The length of a rectangle if fixed at 8 feet. For what widths will the area be less than 65.8 ft^2.
Juanita scored 75%, 82% and 78% and her first three tests. What possible scores can she get on the fourth test to have at least an 80% average?
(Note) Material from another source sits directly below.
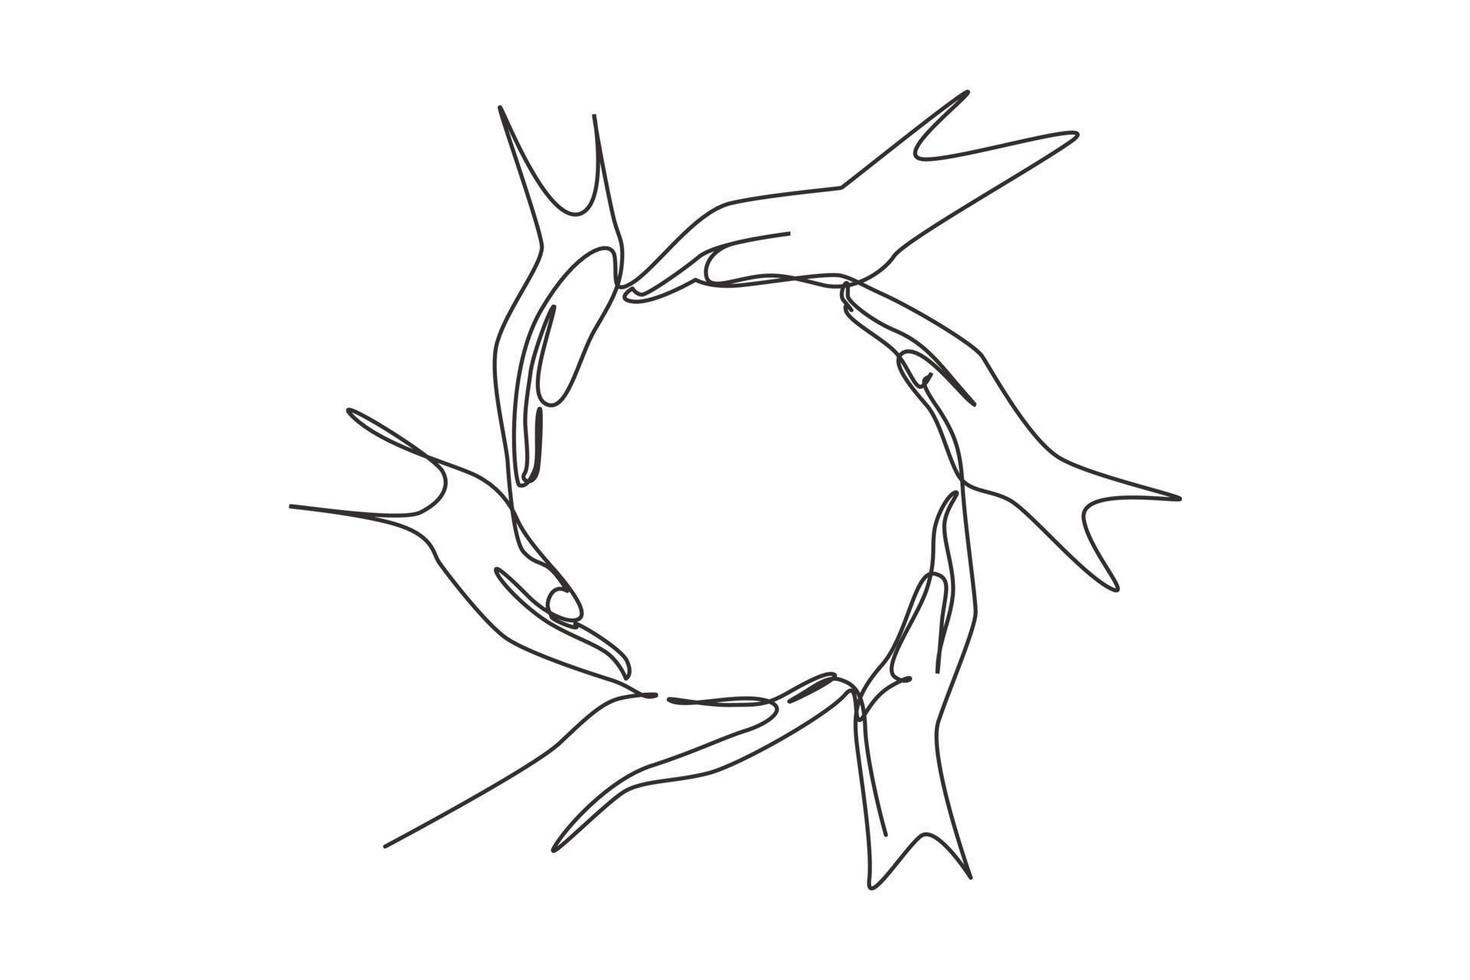 Single continuous line drawing palms and circle hand gesture. Sign or symbol of protection, cooperation, care. Communication with hand gestures. One line draw graphic design vector illustration

2006-09-20 09:25:45 · 13 answers · asked by Anonymous in Science & Mathematics ➔ Mathematics
8*x<65.8
x<8.225 width has to be 8.225 feet or less
(75+82+78+x)/4>80
(75+82+78+x)>320
x>320-75-82-78
x>85 she has to score at least 85%
2006-09-20 09:30:08 · answer #1 · answered by Anonymous · 0⤊ 1⤋
for the rectangle question... remember that the definition of area is a = l * w,
the question states the length is fixed at 8 feet, and that the area has to be less than 65.8 ft^2..
rewrite the equation ...
65.8 = 8*w
now, remember that the equation asks for area 'less than 65.8' feet... so the equation becomes an inequality
65.8 > 8w
65.8/ 8 > w
8.225 > w
so, for all widths less than 8.225 ft will give you a rectangle less than 65.8 ft^2
in the second question, you're looking to find the average of 4 test scores that will give you an overall 80%...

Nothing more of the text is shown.